FIG. 7 shows the common inlet junction box 34, as described above. Built into the box 34 is an overflow outlet 67 for draining off excess water from the collection basin 31, should an excess occur. FIG. 7 also shows a drain 68 for the unit, formed at a low point in the bottom of the basin 31 of the base panel 12.
The base also includes a raised lip 69, as shown in FIGS. 7 and 3, at its outer periphery to catch any drips or leaks that may venture beyond the confines of the side panel.
FIG. 8, showing the underside of the base 12 with a cooled air exit opening 71, illustrates an extension flange 72 on the underside of the base around the opening 71 to make installation of the unit to downstream duct work easier. The duct work (not shown) leads from the exit air opening 72 to the space to be cooled. Also shown in FIG. 8 are feet 74 on the underside of the base to facilitate attachment of the unit to a support frame in a standard installation.
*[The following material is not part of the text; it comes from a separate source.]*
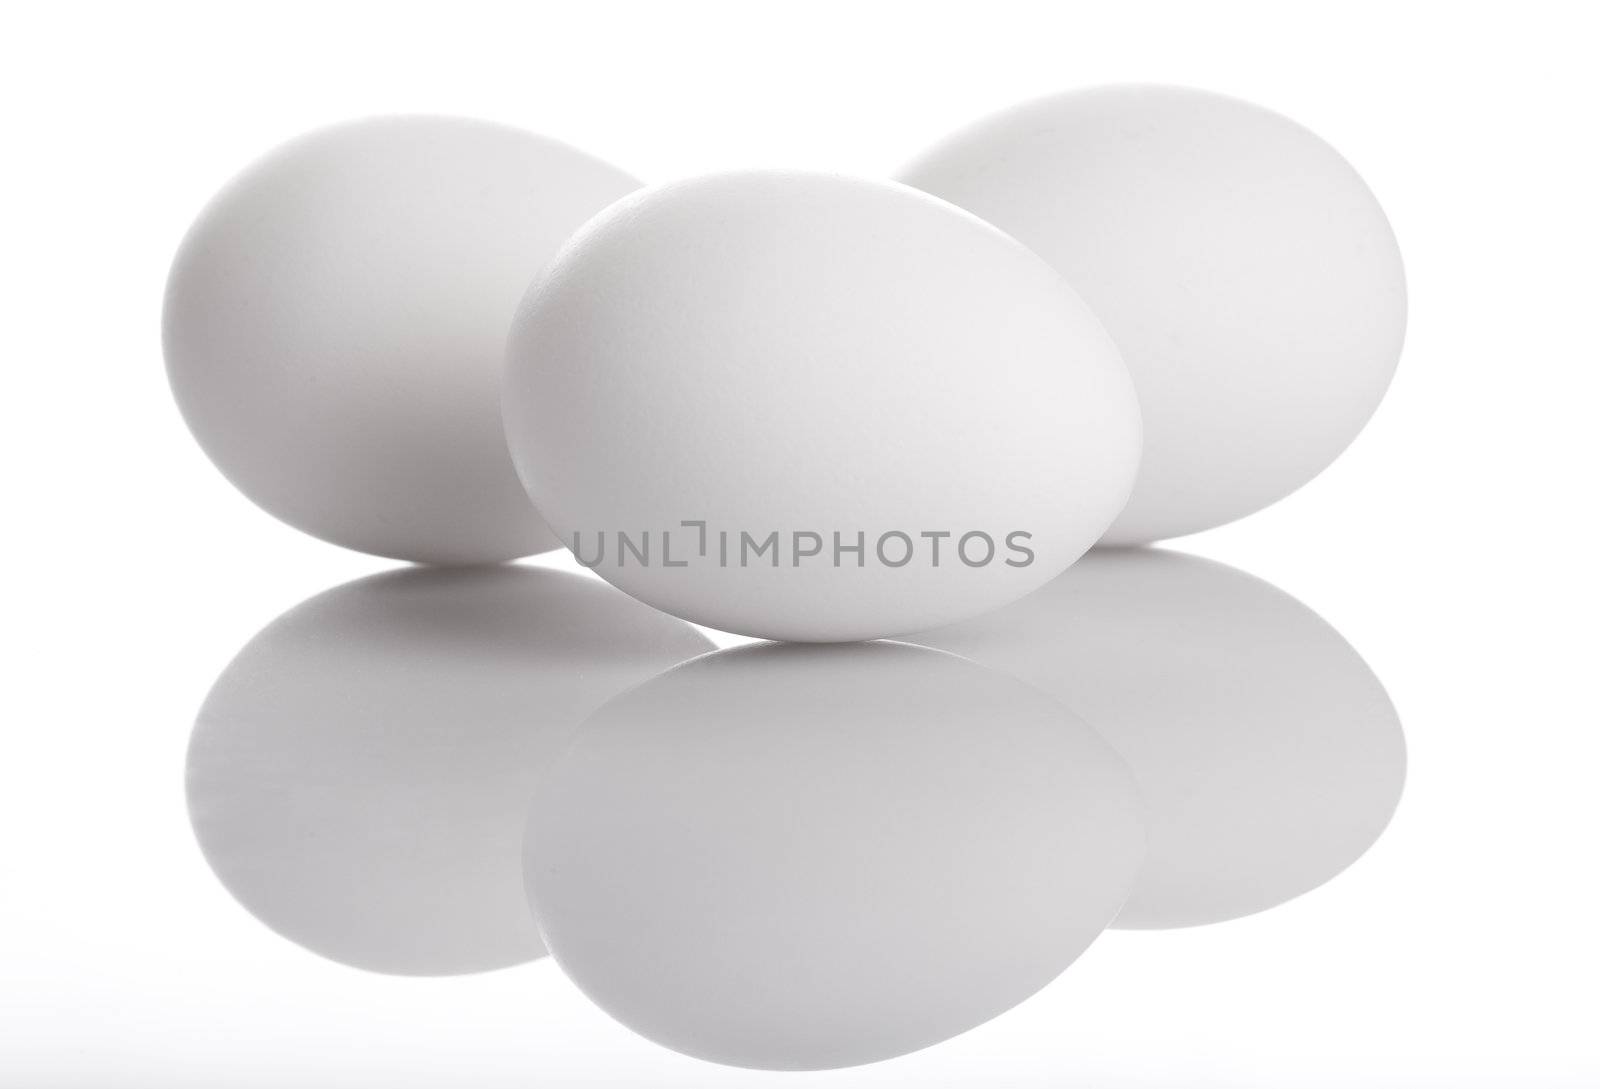 Three white eggs and their reflection

At the periphery of the opening 71 there are additionally provided series of tie down brackets 75, provided for mobile home installations where a support frame cannot be fastened to the roof.
FIG. 9 shows, in plan section, the manner in which adjacent louver panels 13a and 13b abut and overlap at corners. The right edge of each panel 13, as shown on the panel 13a, includes a protruding flange structure 77 providing a V-shaped notch 78. The left edge of the adjacent panel (13b in FIG. 9) has a protruding flange structure 79 with an end 81 complementarily shaped to nestle in the V-shaped notch 78. As noted above, this overlap-type interfit prevents any significant leakage at corners.
The preferred embodiment described herein is intended to be purely illustrative, and not limiting of the scope of the invention. Other embodiments and variations will be apparent to those skilled in the art and may be made without departing from the essence and scope of the invention as defined in the following claims.